Paulo Roberto de Almeida
Hartford, 4 de setembro de 2015
A liberdade de destruir a liberdade: um aviso preventivo vindo do passado
Paulo Roberto de Almeida
Norberto
Bobbio, o maior intelectual italiano do século 20, nasceu em Torino no
dia 18 de outubro de 1909, e teria, portanto, neste dia 18 de outubro de
2009, exatamente cem anos, o que ele ‘falhou’ em completar em
aproximadamente cinco anos, tendo falecido em Torino em 9 de janeiro de
2004. Retomo esses dados da excelente cronologia elaborada sobre sua
vida e obra por Marco Revelli, no volume que adquiri recentemente em
Veneza tão pronto ele foi publicado:
Norberto Bobbio
Etica e Politica: Scritti di impegno civile
Progetto editoriale e saggio introduttivo di Marco Revelli
(Milano: Arnoldo Mondadori Editore, 2009, 1718 p.; ISBN: 978-04-57314-2)
(Paguei
55 euros, o que representa 3 centavos de euro por página, cada uma bem
mais valiosa em sabedoria e conhecimento do que o seu estrito valor
monetário)
O volume é uma compilação de seus escritos mais importantes, divididos em cinco partes, começando por sua Autobiografia intellettuale: Compagni e Maestri
(seus colegas de colégio, de universidade e de lutas políticas,
sobretudo antifascistas e pela liberdade e democracia na Itália
republicana do pós-guerra); Valori Politici e Dilemmi Etici (escritos e conferências sobre a ética e a política, sobre a liberdade e a igualdade, sobre a paz e a guerra); Le Forme della Politica (seus textos mais famosos de polêmica: Democrazia e dittatura, Socialismo e comunismo e Destra e sinistra); e, ao final, Congedo (seus escritos da idade senil: De senectute e A me stesso).

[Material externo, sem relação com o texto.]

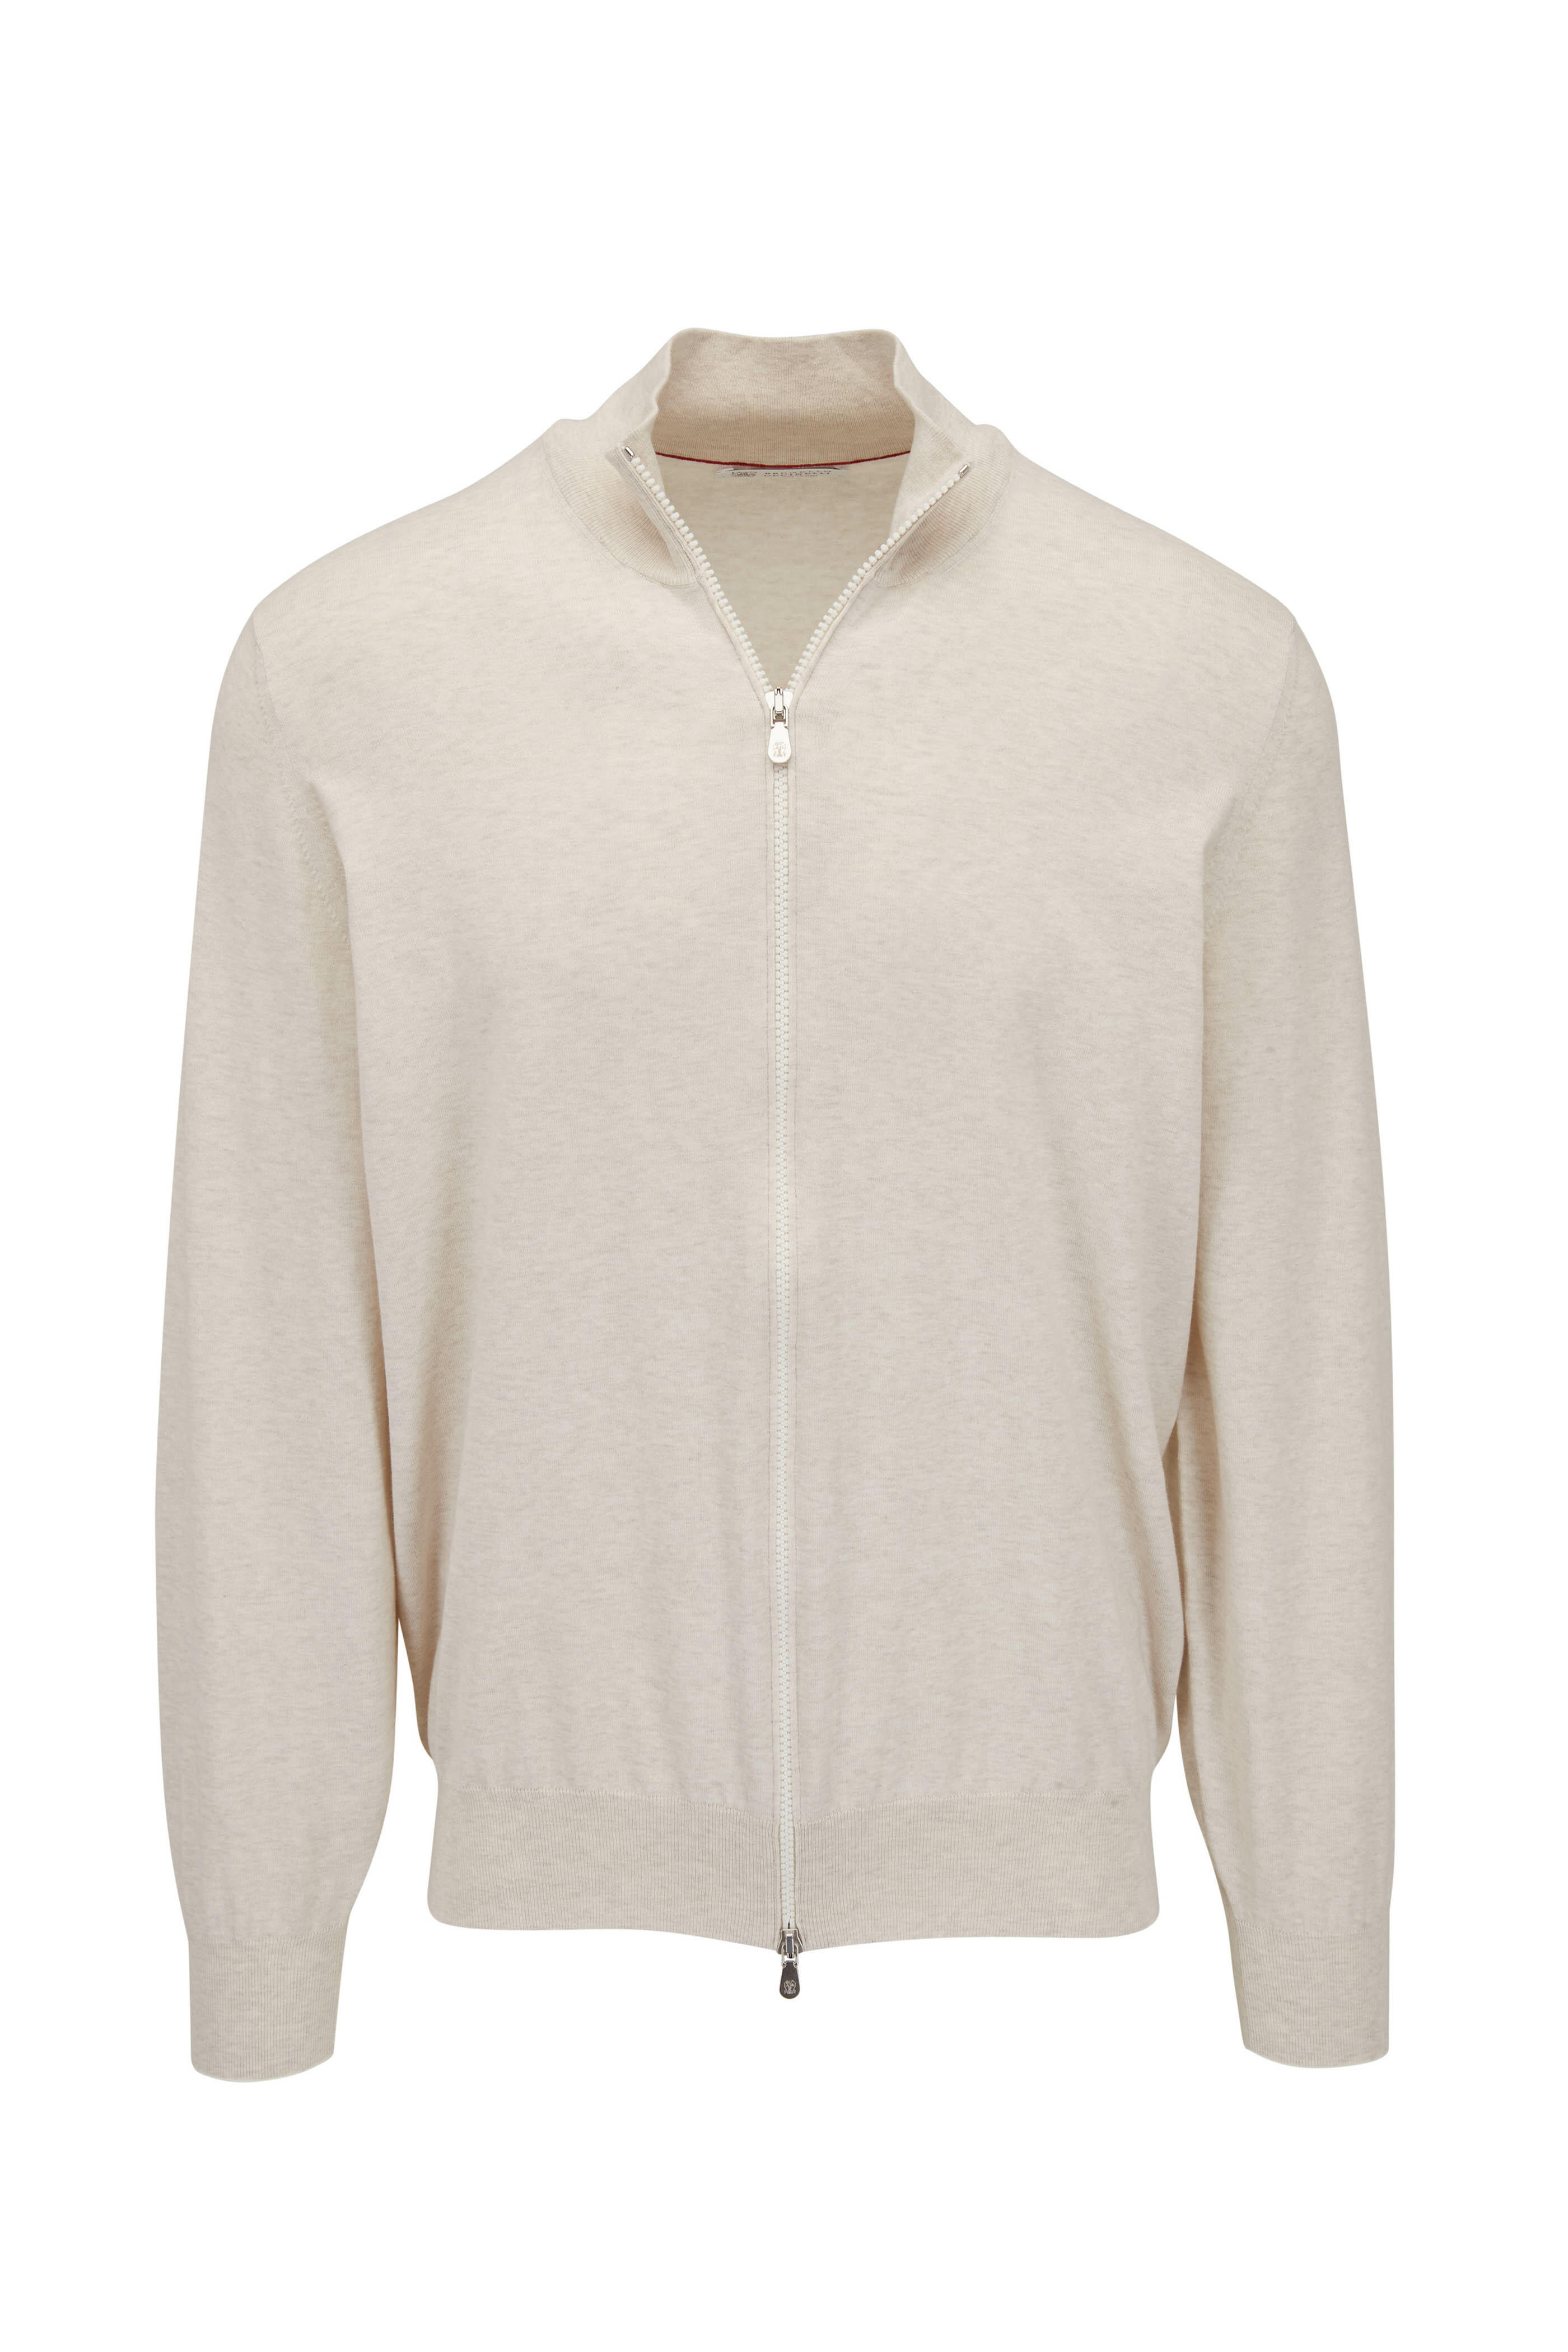 Brunello Cucinelli - Oat Cotton Full Zip Sweater
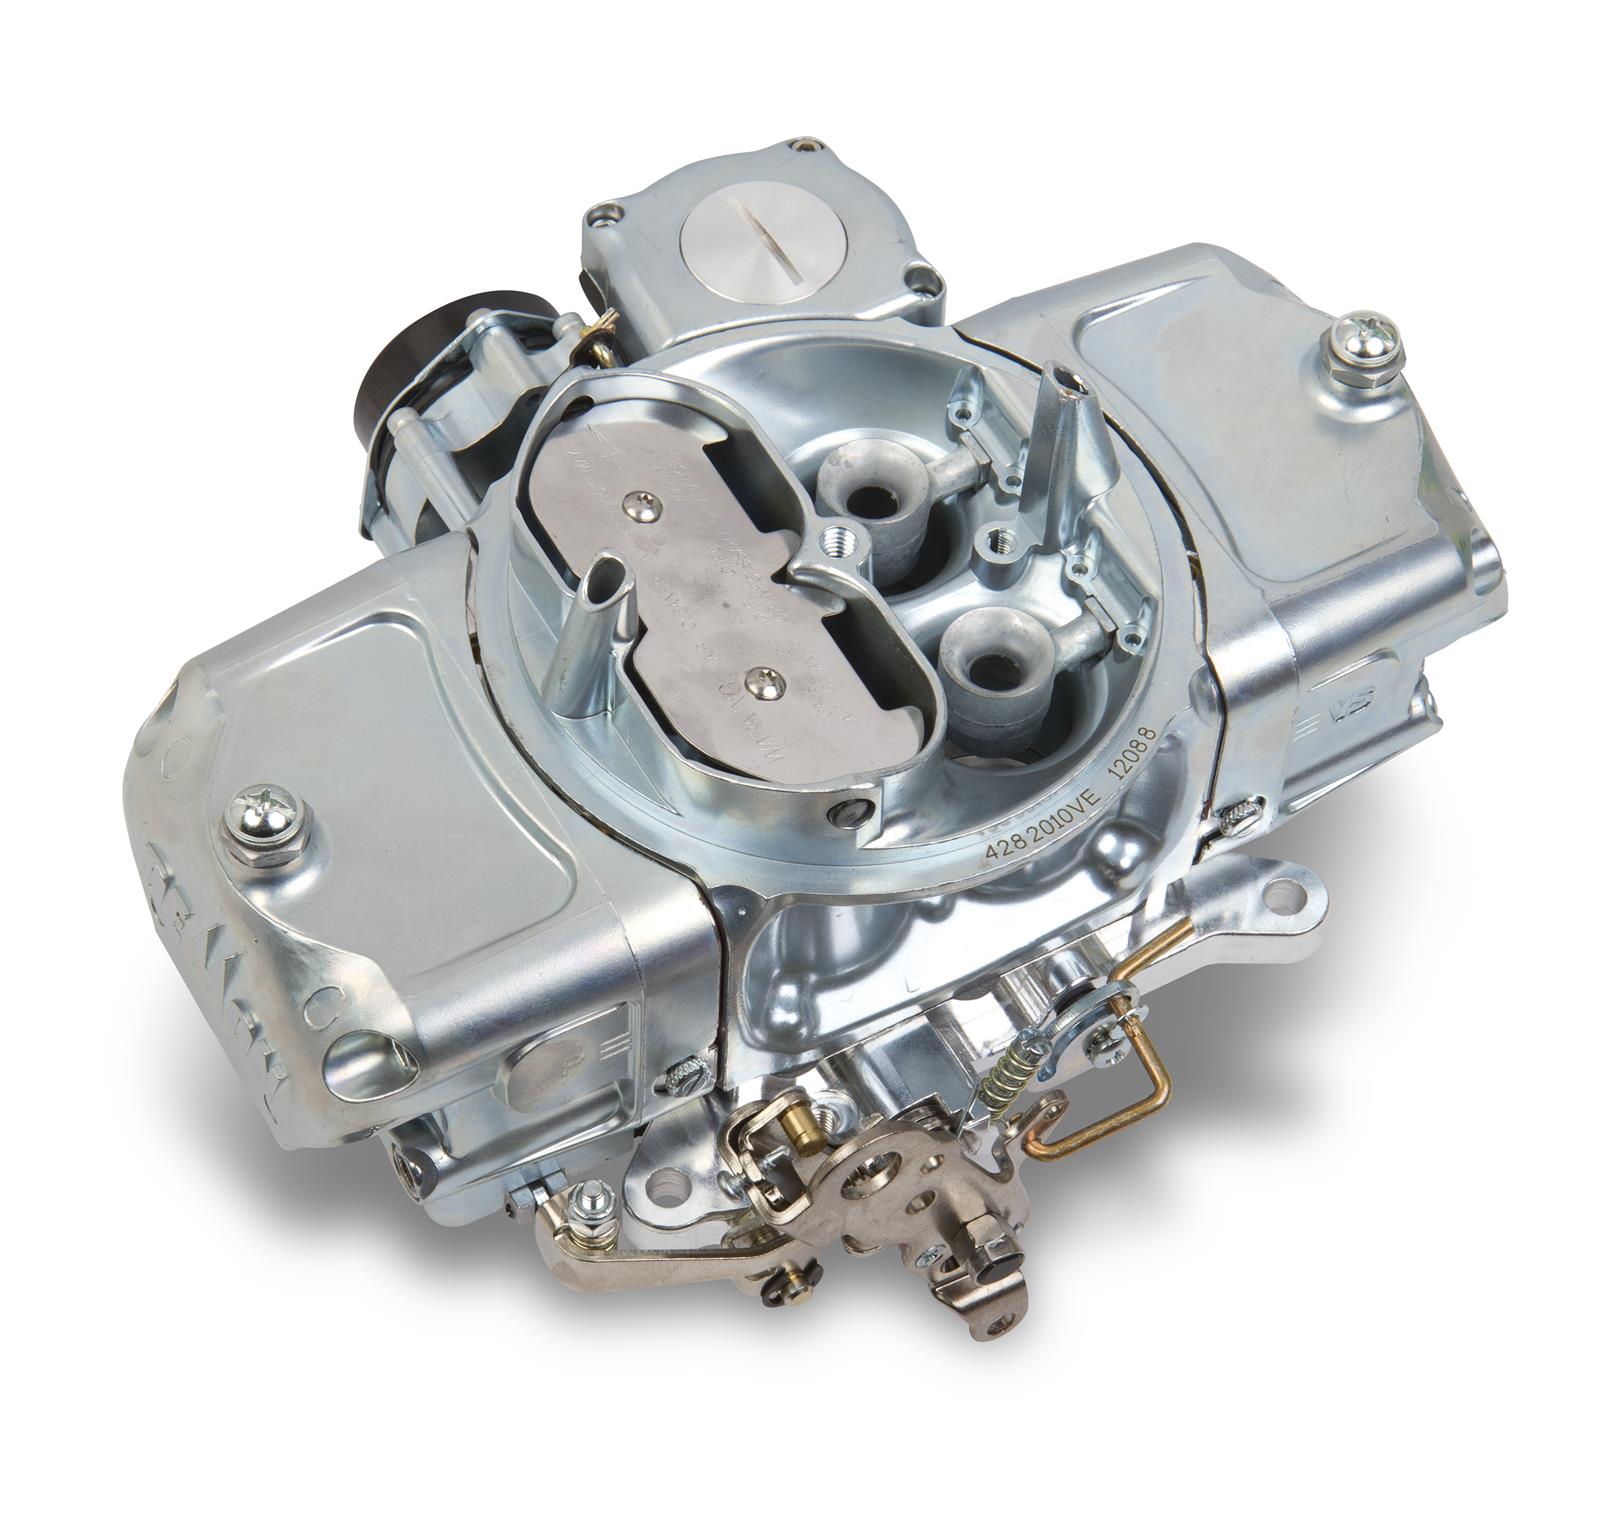 Carburetor for Motorsense vidaXL 141550, 141003 52ccm / Demon RQ580

O livro é precedido por uma introdução magistral de Marco Revelli (Nel labirinto del Novecento),
de uma cronologia e notas a esta edição, do mesmo autor, que também
complementa o livro por notas sobre os textos, por uma bibliografia
completíssima e por um índice dos nomes (não, infelizmente não existe um
índice de ideias, que teria sido um instrumento muito útil ao
pesquisador).
O livro é um tesouro de trouvailles
(como os textos sobre os amigos, homenagens publicadas em revistas,
para nós obscuras, geralmente por ocasião da morte de cada um deles; e
Bobbio sobreviveu à maior parte dei suoi compagni),
assim como um instrumento poderoso de referências sobre todos os seus
trabalhos publicados, aqui apenas selecionados. Bobbio tem, segundo
Revelli, 4.803 escritos catalogados, em todas as categorias – livros,
artigos, conferências, entrevistas – o que daria 128 volumes, com 944
artigos, 1.452 ensaios, 457 entrevistas, 316 palestras). Ufa!: vai ser
preciso alguém tempo para ler tudo, por isso mesmo este volume é um
achado.
Na impossibilidade de falar aqui de todos, ou
sequer dos mais importantes textos selecionados neste volume, prefiro
fazer uma transcrição de um dos escritos compilados por Revelli, que
talvez guarde alguma similaridade com a situação política do Brasil
atual. Ele foi escrito por Norberto Bobbio em 1969 e fazia parte de uma
homenagem prestada ao seu colega de colégio Leone Ginzburg, intelectual
de origem russa, judeu, lutador antifascista, assassinado pela Gestapo
em Roma, em 1944. No 25o. aniversário de sua morte, Bobbio publicou uma
carta numa edição especial, Dialogo con Leone Ginzburg, na revista Resistenza
(a. XXXIII, n. 4, aprile 1969), na qual dizia o seguinte (transcrevo o
original italiano, e depois tento a minha tradução improvisada):
Oggi,
sappiamo che la libertà si può usare per il bene e per il male. Si può
usare non per educare ma per corrompere, non per accrescere il proprio
patrimonio ideale ma per dilapidarlo, non per rendere gli uomini più
saggi e nobili, ma per renderli più ignoranti e volgari. La libertà si
può anche sprecare. Si può sprecarla fino al punto di farla apparire
inutile, un bene non necessario, anzi dannoso. E a furia di sprecarla,
un giorno o l’altro (vicino? lontano?) la perderemo. Ce la toglieranno.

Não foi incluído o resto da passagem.